Not real happy with the paint job, was trying something new and didnt turn out very good. But here is how I build my blinds.


----------



## Dead Wait (Mar 8, 2005)

That's a pretty sweet blind you have there. Light weight material. Should be easy to set up. I'm likin it. Paint job is nice also.


----------



## Whitebassfisher (May 4, 2007)

Flat black inside, arrow comes flying out of cave or black hole. I did something similar in the past and did not even need net on windows.


----------



## Coach_Stew (Dec 29, 2004)

first year.... killed a buck and a doe out of it......


----------



## Enviroman (Jul 20, 2005)

Coach_Stew said:


> first year.... killed a buck and a doe out of it......

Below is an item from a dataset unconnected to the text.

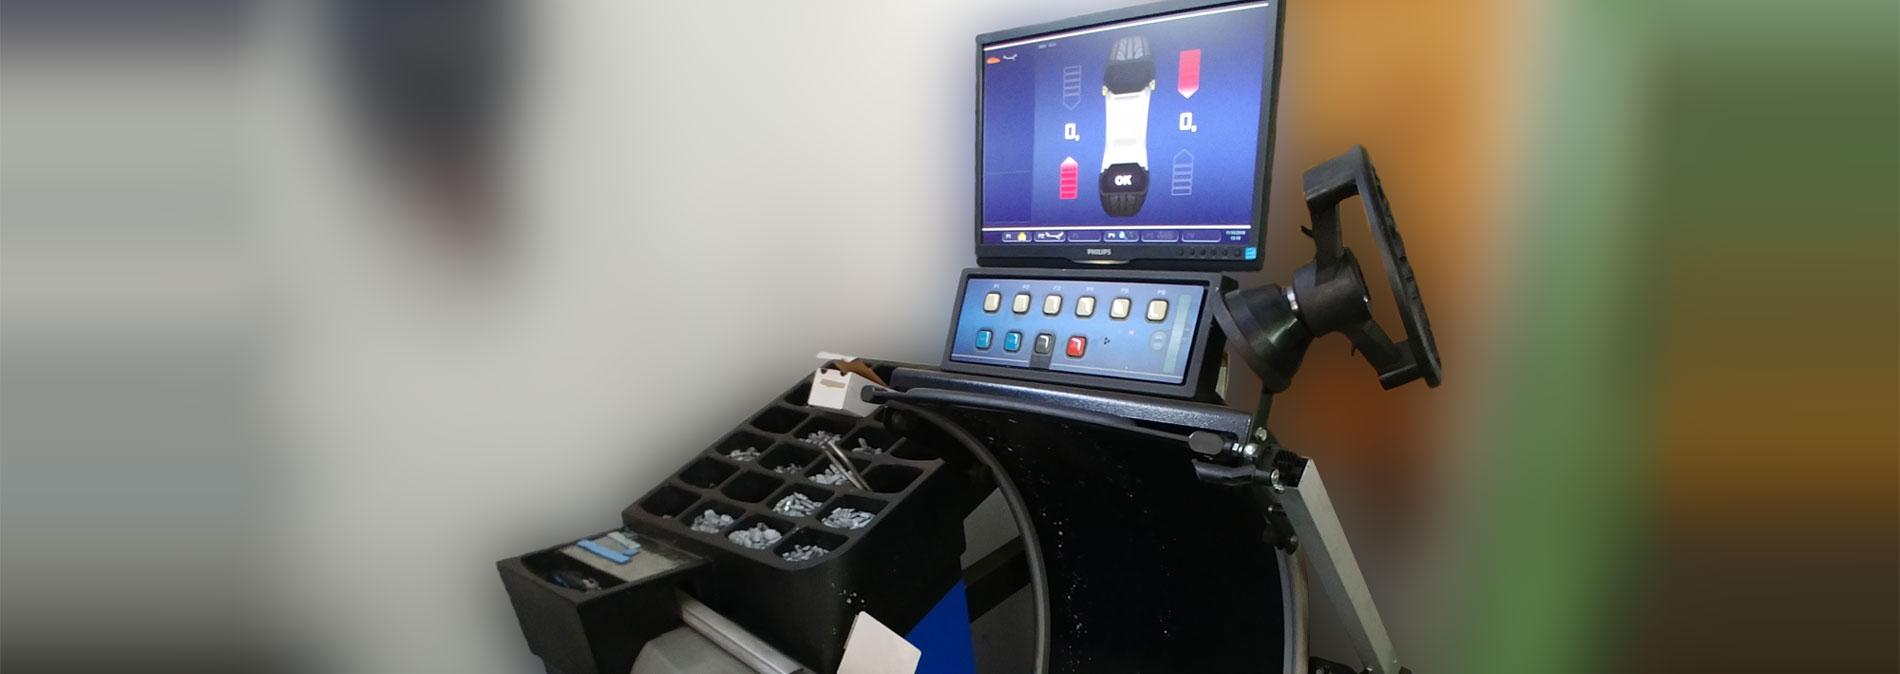 Service Reifenmontage - Bild Wuchtmaschine

Think I would have to nickname it "the dancing trees stand" Good Job!


----------



## woodsman08 (Dec 17, 2009)

*Hay Bale (kinda)*

2-3 person blind. Has a rain proof internal liner


----------



## monark (May 12, 2005)

I like that one. I'll bet the hay covers a lot of scent also. Nice stand.


----------



## 2GOOD (Mar 16, 2008)

Wow Woodsman 08, that is a great looking blind but I would scared to death of snakes in there. Looks like a good hide out for them as well.


----------



## woodsman08 (Dec 17, 2009)

Thanks guys. No snakes yet. I'm more concerned with the illegals deciding it is a good camp spot than anything else. (we are in Falfurrias)


----------



## Clint Leopold (Mar 7, 2006)

woodsman08 said:


> 2-3 person blind. Has a rain proof internal liner


Man I hope you don't have cows on your place. We used to use hay to help fill in some brush blinds on days leases we hunted. Sometimes we would go out for a hunt and all that was left was a bunch of piles of cow ****.


----------